So, I feel like I should probably put paid to a couple of ideas that THIS blog post may have created in my nearest and dearest.
1. I’m not pregnant. I know I’ve said I’d like to be at some point, but I’m far too fat and unhealthy to even consider it at the moment.
2. I’m not moving abroad.
3. I haven’t joined a cult/had a sex change/joined a swingers club
One of the things that was leaving me feeling rather stymied was Sausage and her reaction to school. I’m not gonna lie to you, people, it’s been a tough couple of weeks.

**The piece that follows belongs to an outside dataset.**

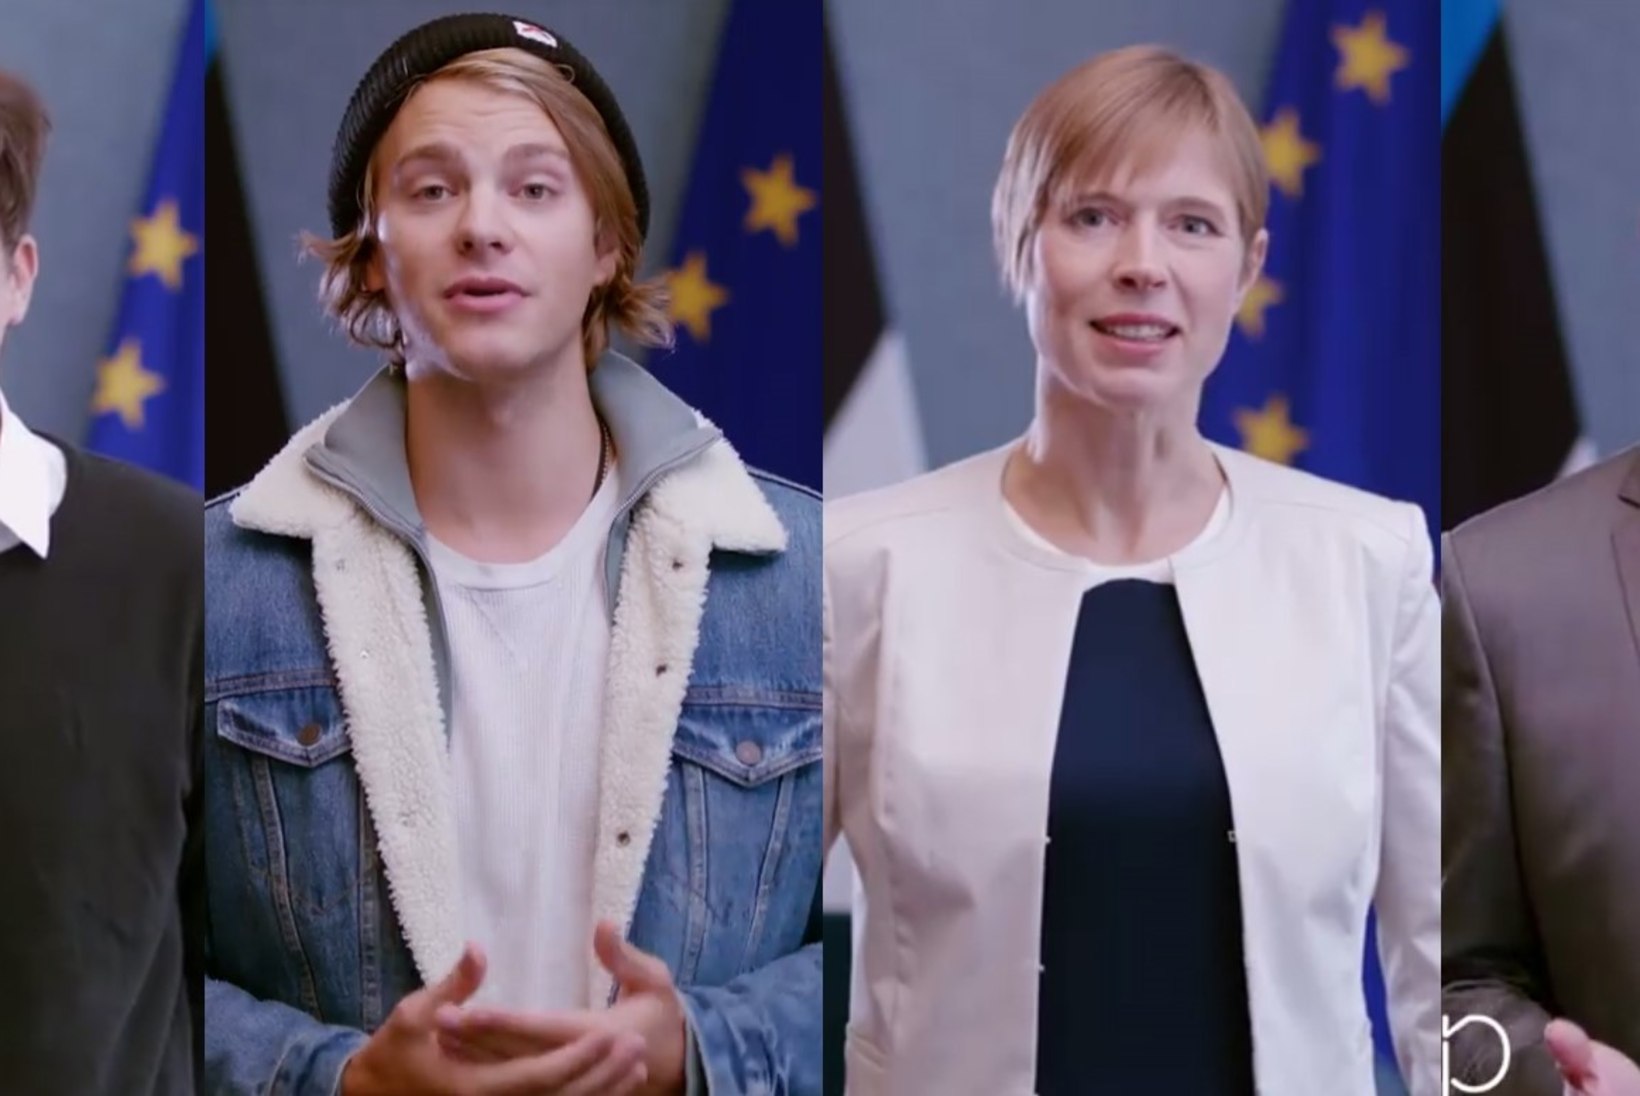 VAATA VIDEOT: president Kaljulaid ja mitmed staarid kutsuvad noori valima

During the first week, she was only attending for half days and she seemed to get on really well. Then she started to feel poorly and the combination of this and a glib (but hugely irresponsible) comment made to her by one of her TA’s made any confidence that she’d gained completely unravel. We had a week of living with a very unhappy Sausage. She wasn’t herself at all, she had bad dreams, she was tearful from the moment she woke up and dropping her off at school was like untangling myself from a screaming octopus before walking swiftly away. It was breaking all of our hearts but we knew we had to persevere.
However, we seem to have had a breakthrough.
We’ve started walking to school with a couple of Sausages’s friends who are really lovely kids and it’s made her look forward to seeing them in the morning rather than going through the usual anxiety. She’s made some friends in class who she seems to get on very well with, so now, instead of spending her evenings and mornings telling us how much she misses us when she’s at school, she’s happy and excited about things.
I didn’t want to write about all of this at first, it’s been difficult to deal with and if I’m honest, I’ve not felt like a very good Mum at times, worrying that my leaving her when she’s upset will ruin our relationship but I’m glad I listened to Husband and everyone else who said that it’ll just take time. Instead of sitting at home between 9 and 3, feeling like I have a lead ball in my stomach and watching the clock go agonisingly slow, I’m happy to leave her knowing that she’s happy and my days go a lot quicker.
So, that’s a large part of what’s been going on and why I’ve felt so tongue-tied for the past week or so, and hopefully things will gain some semblance of normality from here! As for the rest of it, you’ll just have to wait for the next instalment!